I was taking a break from that mess of a project and sketching out another idea in my notebook. It occurred to me that Arin was using a lot of magic for relatively little effect. Oh sure, she was throwing out kilowatt class lasers but all that was coming from her reserves. She could only do about ten seconds total before being drained. And she had to muster the concentration to focus it into as narrow of a beam as possible. I think that there might be a way to leverage her magic with a bit of science.
“What’s your impression of Arin?” I asked Schrodinger.
He was curled in a ball in my blankets and was purring loudly.
“Yes, she’s nice but what else?” I asked.
“What kind of gift would she appreciate?”
Schrodinger started licking his coat.
“Yes, she has nice hair but I can’t exactly get her shampoo or conditioner.” I said. “She strikes me as more adventurous than that anyway.”
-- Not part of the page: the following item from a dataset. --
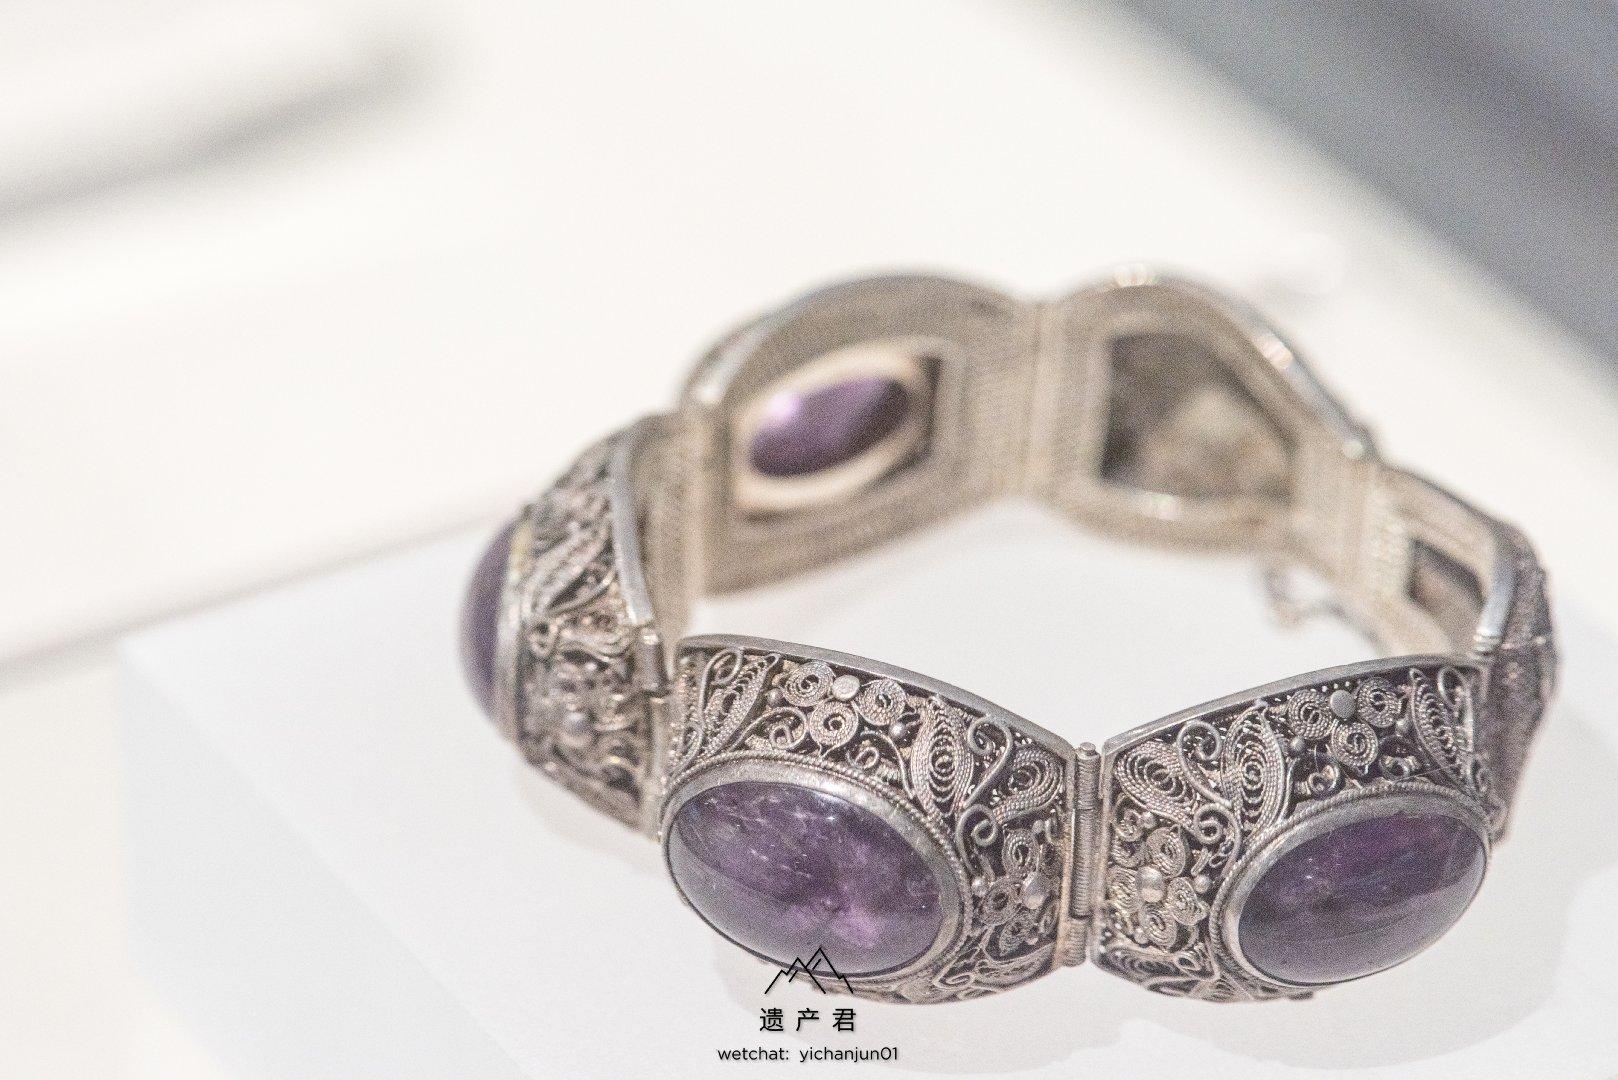 广州十三行博物馆藏· 清代银錾花卉纹嵌紫水晶手链

I turned the page around to show him what I was working on.
“What about this?” I asked.
On the page was a crude drawing of a longsword. I had included annotations for various features I could add to it like making it out of tungsten carbide or putting in a core of gallium nitride to amplify her lasers. Schrodinger paused his licking for a second before returning to his task with renewed gusto.
“Well what do you know anyway.” I said.
The design needed work, if I got the material flexibility wrong then cristal or the blade would just break the first time she used it. Still, I wanted to give her something. There was a tradition of gift giving around the upcoming New Year’s Festival. Would it be too forward of me to give her something? As a friend of course. I would have to think about it. I put down the charcoal and stood.
“Well, I’ve procrastinated long enough.” I said. “You stay here friend,”
Then I picked up another light magic core. It was on the smaller end at the size of a marble. I really needed a better look at the internal structures of a core of I'm going to make one of my own. I am going to try and poke a hole in the pressure vessel so I can see what's inside. Again, I was totally going to blow myself up.